19h, New York, Lincoln plaza.
Après l’avoir virtuellement visité jusque dans les loges en compagnie de Renée Fleming, Joyce di Donato ou Placido Domingo, grâce aux retransmissions au cinéma, le Metropolitan Opera m’apparaît étonnamment familier.
Deux peintures murales de Marc Chagall, Le Triomphe de la musique et Les Sources de la musique, sur les côtés de la façade en verre du Lincoln Art Center, font écho au plafond de l’Opéra Garnier et tissent un lien entre ces deux temples du chant lyrique.
Le peintre russe a réussi à figer sur ces murs la poésie du quatrième art et à lui donner de nouveaux sens, tout comme les metteurs en scène, les musiciens et les chanteurs essaient d’insuffler une nouvelle vie aux opéras du répertoire.
Dans cette production de Tosca, créée en 2009, le metteur en scène Luc Bondy a choisi la voie de la provocation en utilisant des gestes explicites. Il montre du sang sur la porte de la chambre où Cavaradossi est torturé. Le dîner de Scarpia se transforme en une soirée de débauche, il embrasse la statue de la Vierge et meurt par coups de couteaux dans les parties génitales. Ces choix sont certes assez cohérents avec sa vision, mais semblent en contradiction avec les décors qui, eux, se veulent plus ouverts à l’interprétation et à l’imagination, comme le splendide Château Saint-Ange dans le troisième acte, presque esquissé qui laisse la place au ciel.
Le rôle des artistes sur scène est également contrasté : si d’un côté les voix étaient agréables, résonnantes et homogènes, l’intonation et la mise en place avec l’orchestre quasiment parfaites, l’interprétation est plutôt froide et apprêtée. Tosca revêt les traits d’une jeune femme un peu maladroite, quand nous attendons une Prima donna chatouillant les extrêmes de l’amour et la jalousie. Scarpia est vu comme un être glacial : son “Tosca, tu me fais oublier Dieu !” est chanté de façon quasi anecdotique, quand il s’agit en réalité du moment le plus fort du livret, qui révèle la vraie nature de ce personnage blasphématoire qui évolue dans une église au coeur des États pontificaux.

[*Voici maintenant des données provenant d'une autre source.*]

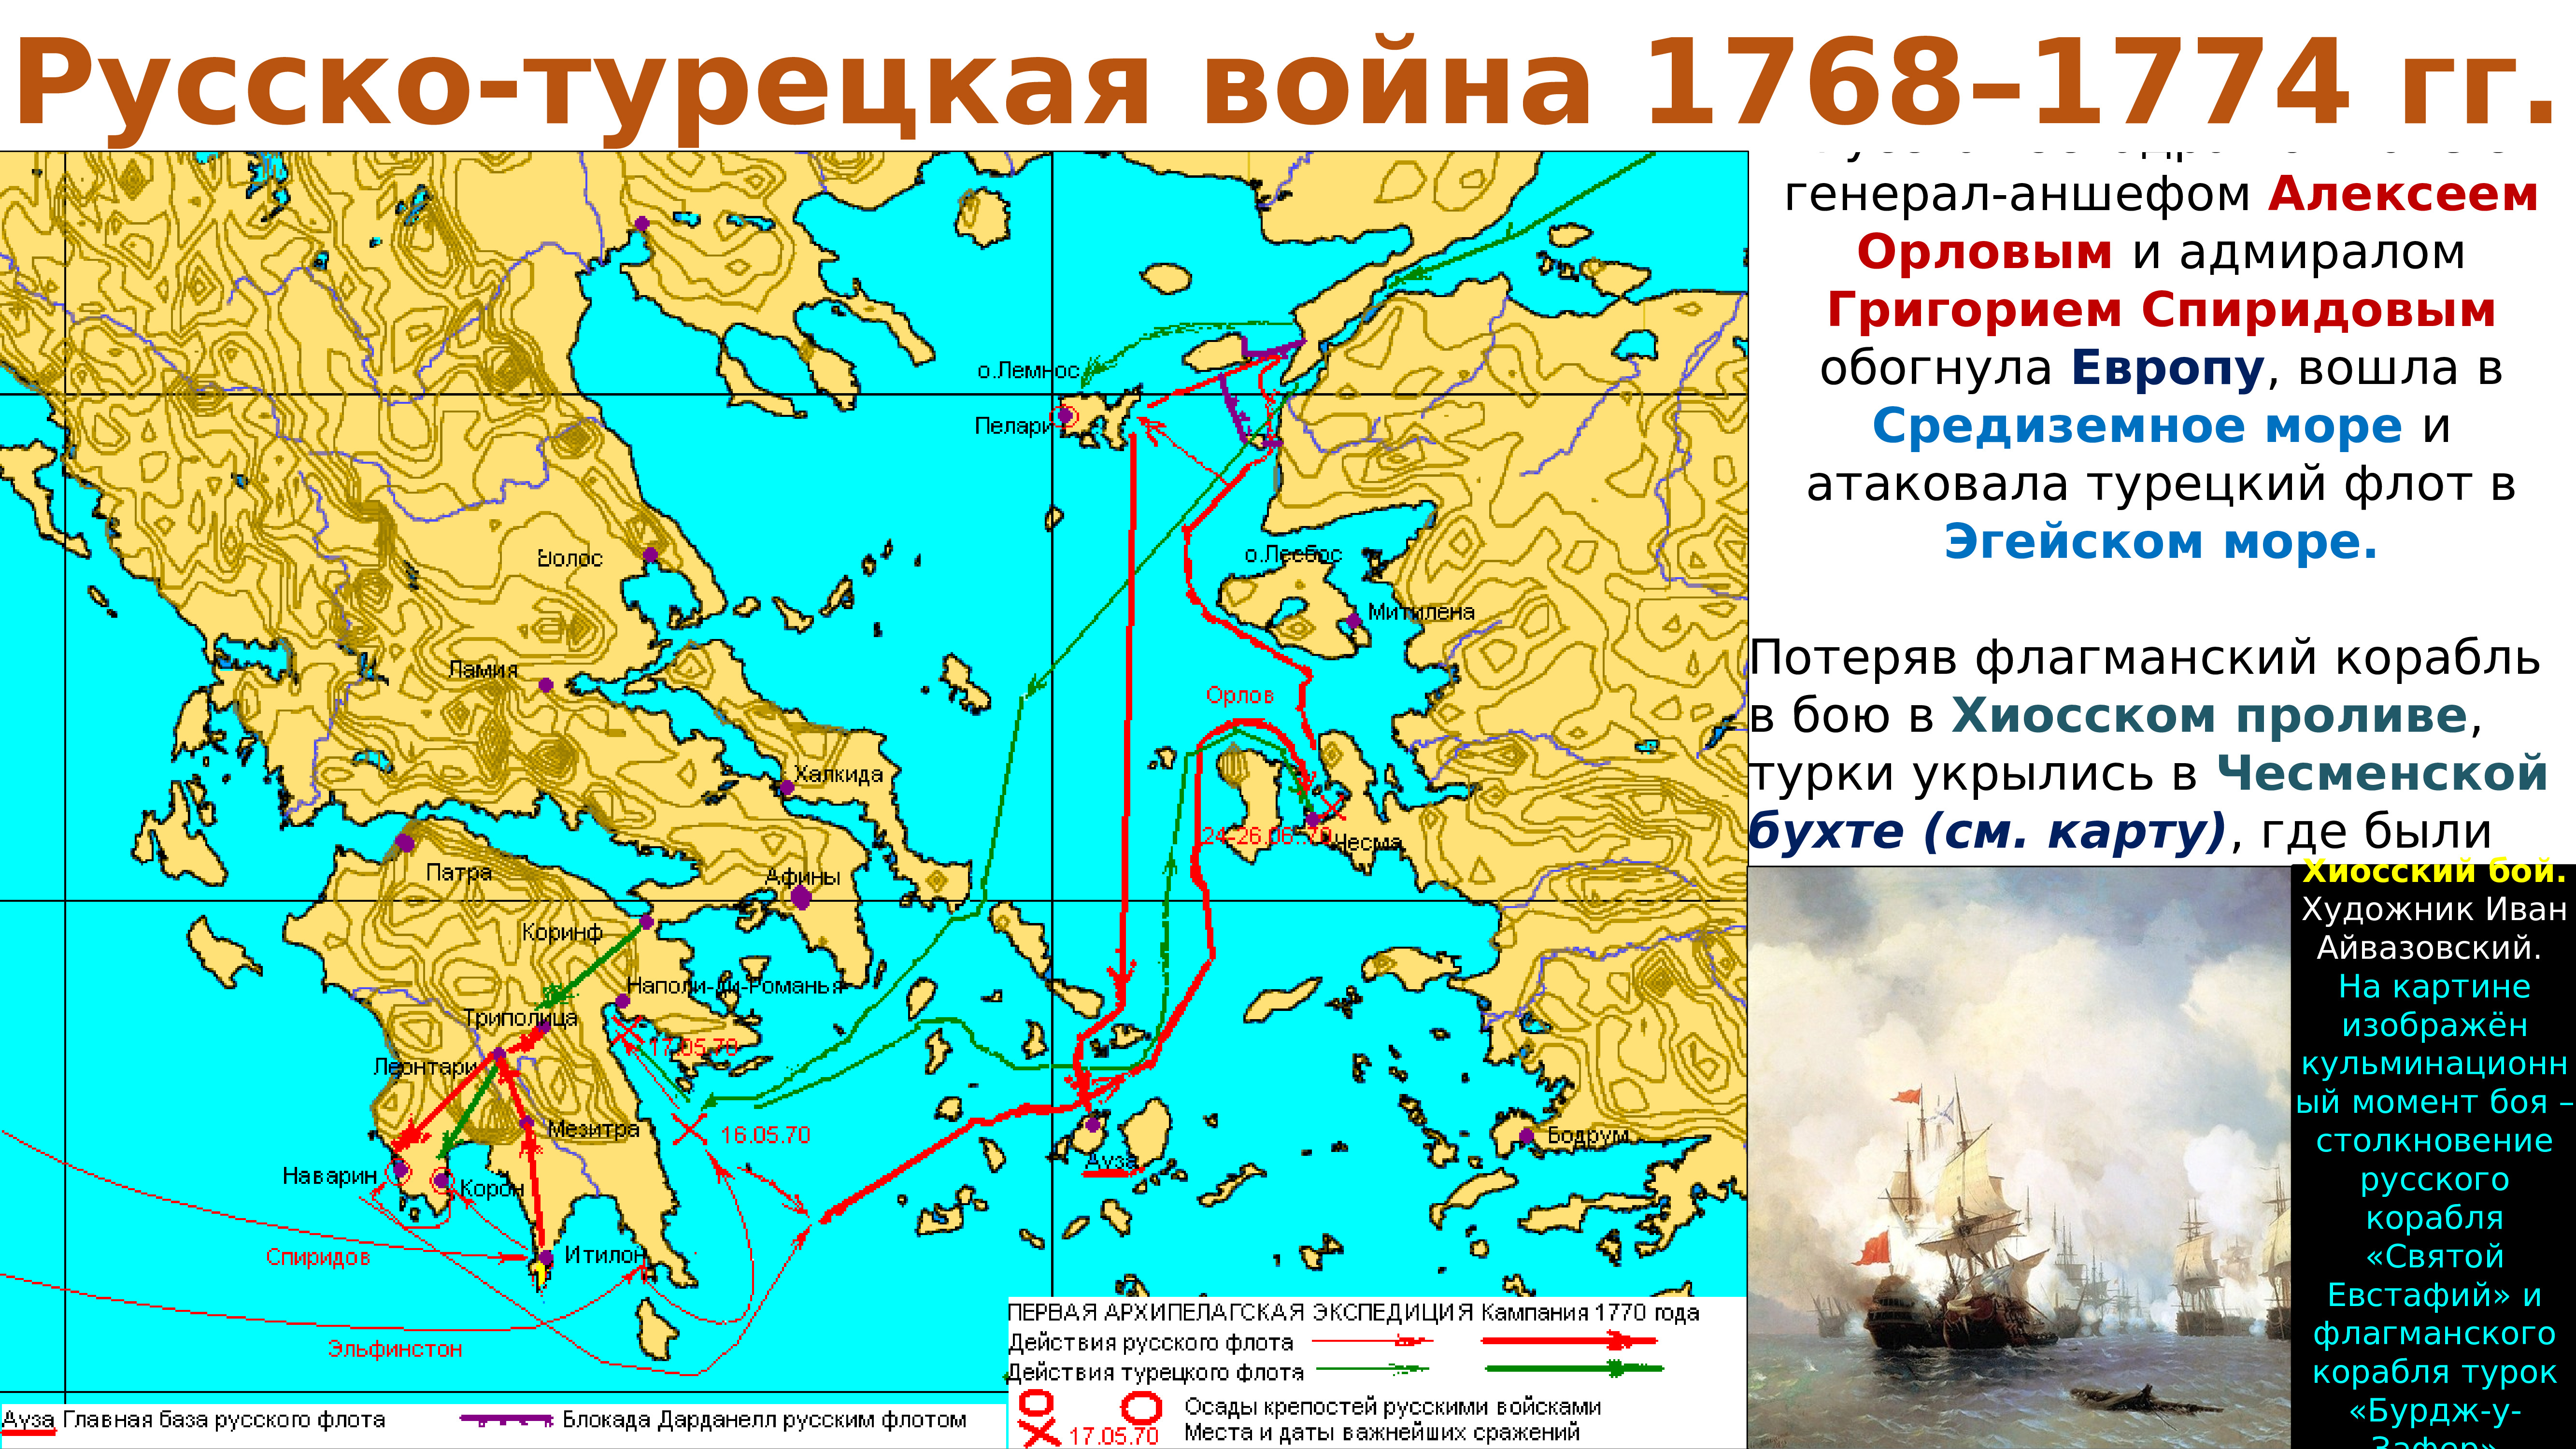 Архипелагская Экспедиция русского флота 1770

Le vrai triomphe de cette soirée était la musique de Puccini, sublimée par une distribution qui a su mettre en valeur sa poésie. Roberto Aronica est un Cavaradossi passionné et a interprété un “Recondita armonia” sincère et touchant, des duos frais et spontanés et un “E lucevan le stelle” intense et poignant. Oksana Dyka (Tosca) est une héroïne humaine et attendrissante, avec sa voix moelleuse, homogène et savamment dosée dans les jeux dynamiques. Roberto Frontali est un Scarpia tout à fait menaçant et imprévisible et Richard Bernstein (Angelotti) un fugitif agité et convaincant.
L’orchestre dirigé par Marco Armiliato, qui remplaçait ce soir là Placido Domingo, hospitalisé, a été un régal : discret ou passionné, il nous a accompagnés le long de ce drame vériste avec un son pur et précis et nous a offert d’émouvantes envolées de lyrisme.